Retype, exactly and completely, the listing that comes next, skipping its images.

| PROVIDED MATERIAL |
○ ○ ○ ○ ○ ○ ○

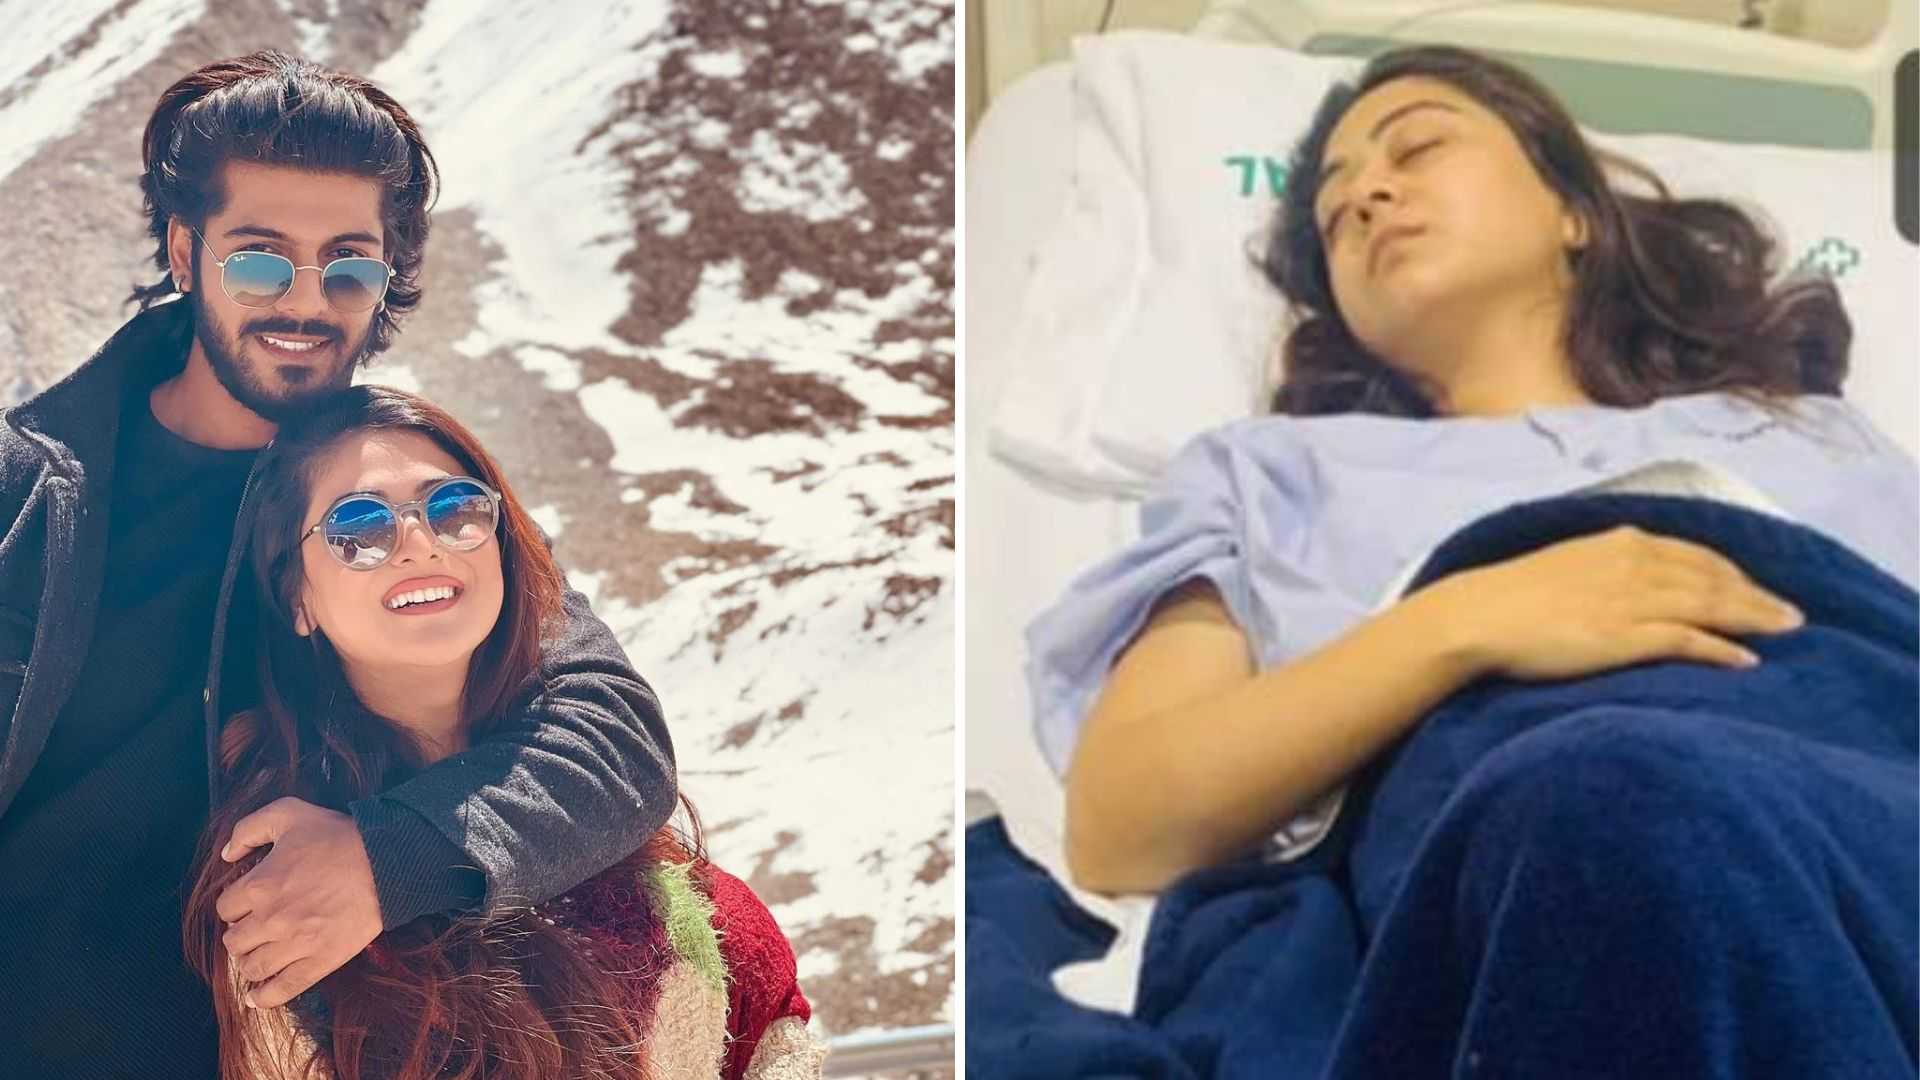 शीजान खान की बहन फलक नाज की बिगड़ी हालत, अस्पताल में भर्ती होते ही फटा मां का कलेजा
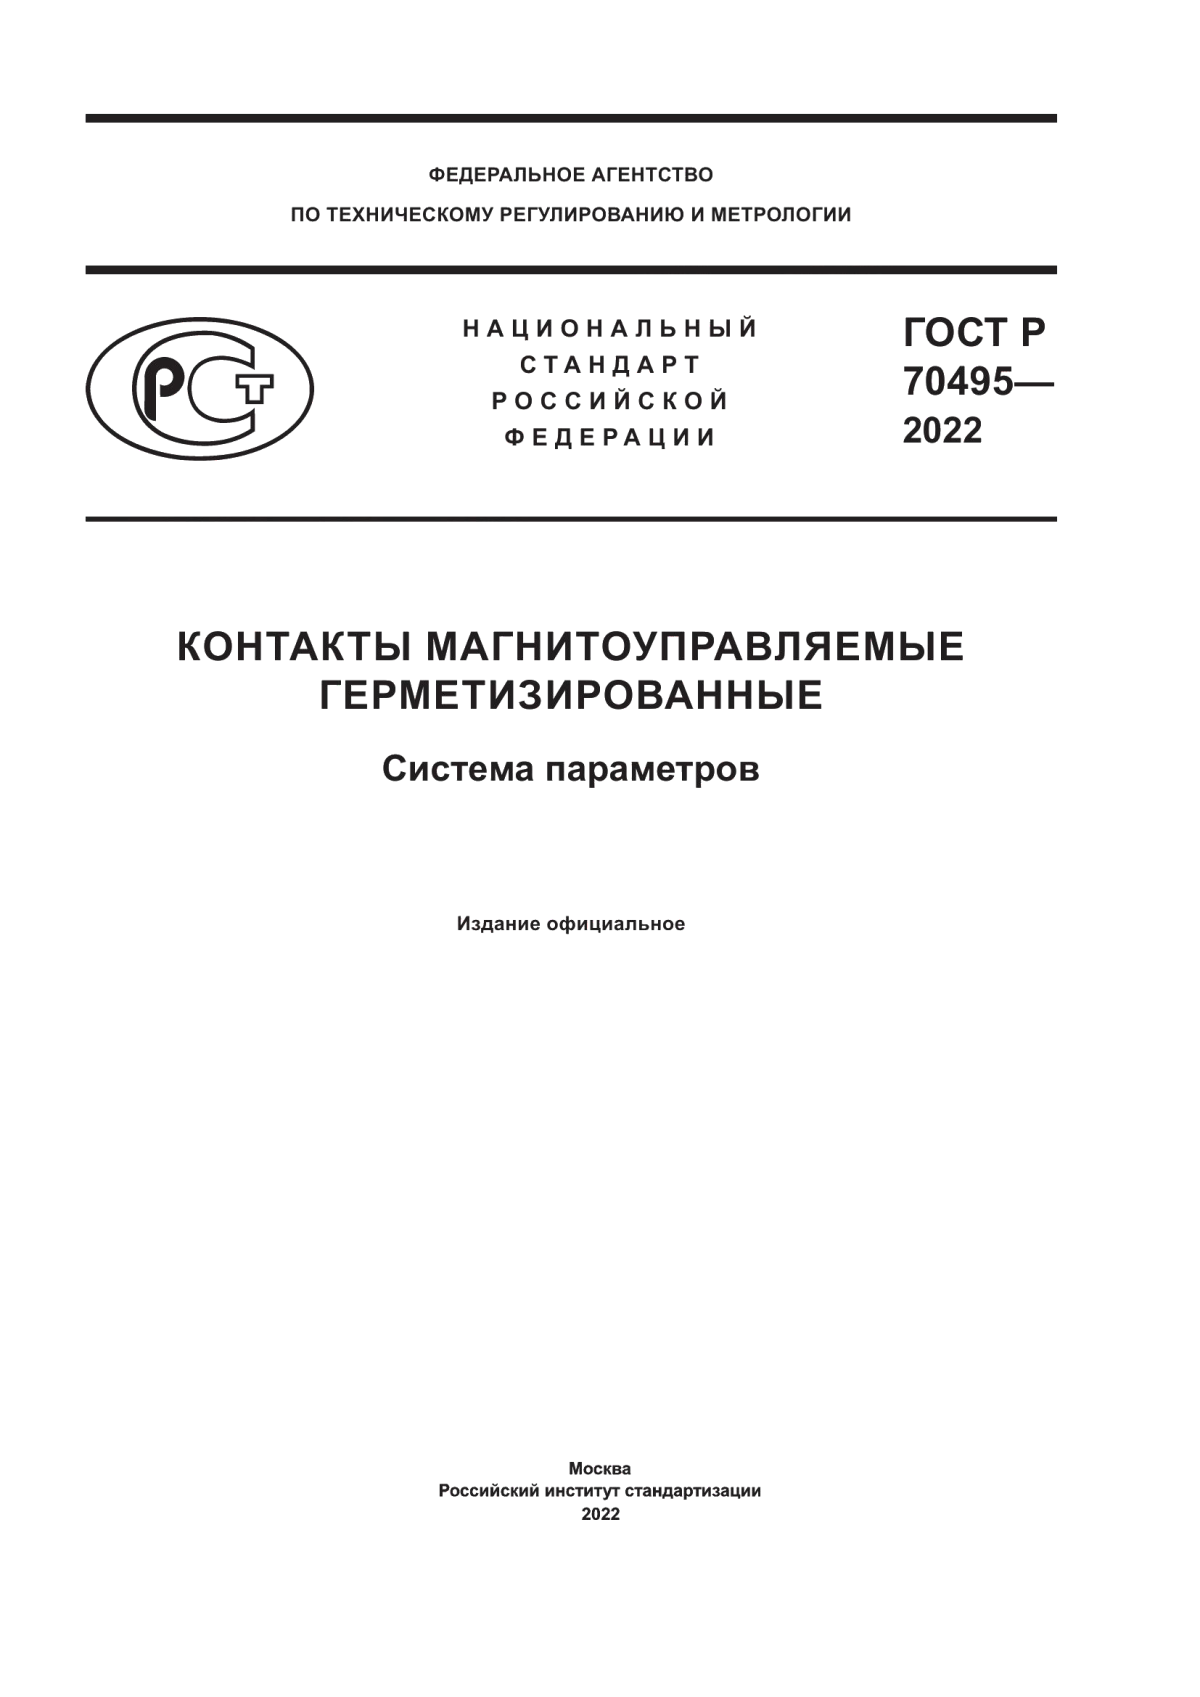 ГОСТ Р 70495-2022 Контакты магнитоуправляемые герметизированные. Система параметров
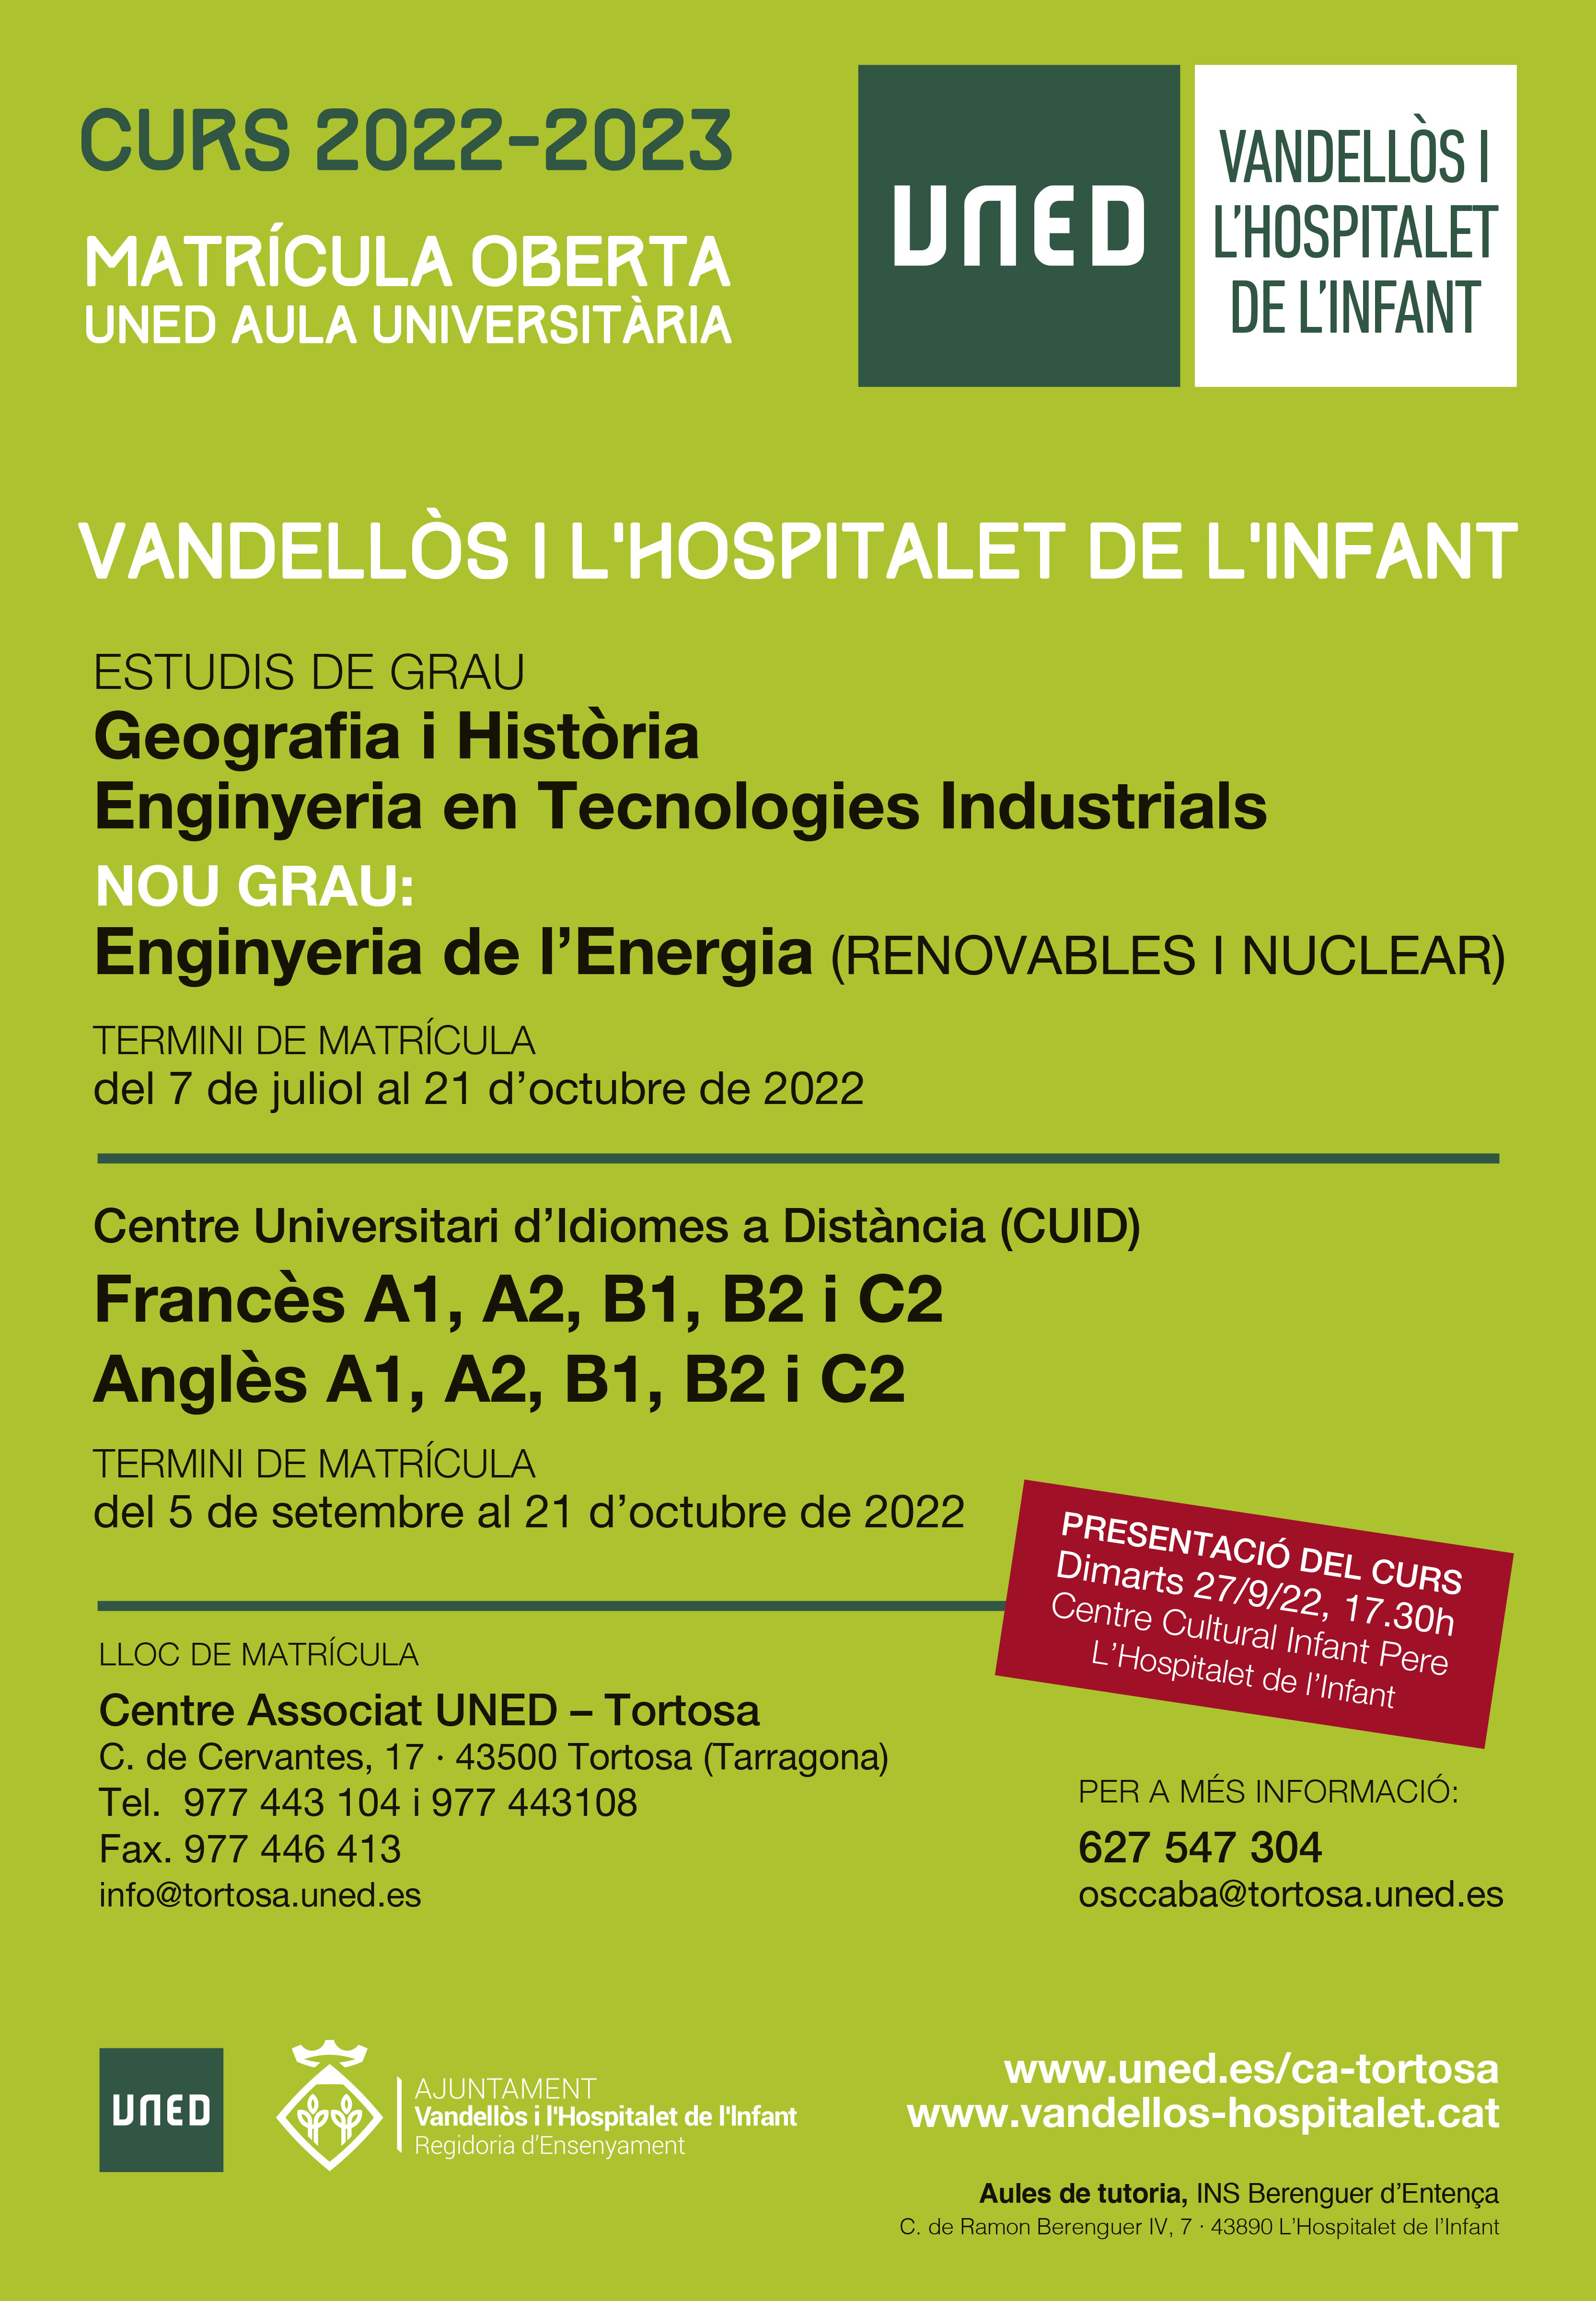 Presentació del curs 2022-2023 de la UNED i de l’Aula Sènior a Vandellòs i l’Hospitalet de l’Infant  / 27-09-2022, a les 17.30 h, a l'Hospitalet de l'Infant

○ ○ ○ ○ ○ ○ ○

| ANSWER SECTION |
 शीजान खान की बहन फलक नाज की बिगड़ी हालत, अस्पताल में भर्ती होते ही फटा मां का कलेजा
 ГОСТ Р 70495-2022 Контакты магнитоуправляемые герметизированные. Система параметров
 Presentació del curs 2022-2023 de la UNED i de l’Aula Sènior a Vandellòs i l’Hospitalet de l’Infant  / 27-09-2022, a les 17.30 h, a l'Hospitalet de l'Infant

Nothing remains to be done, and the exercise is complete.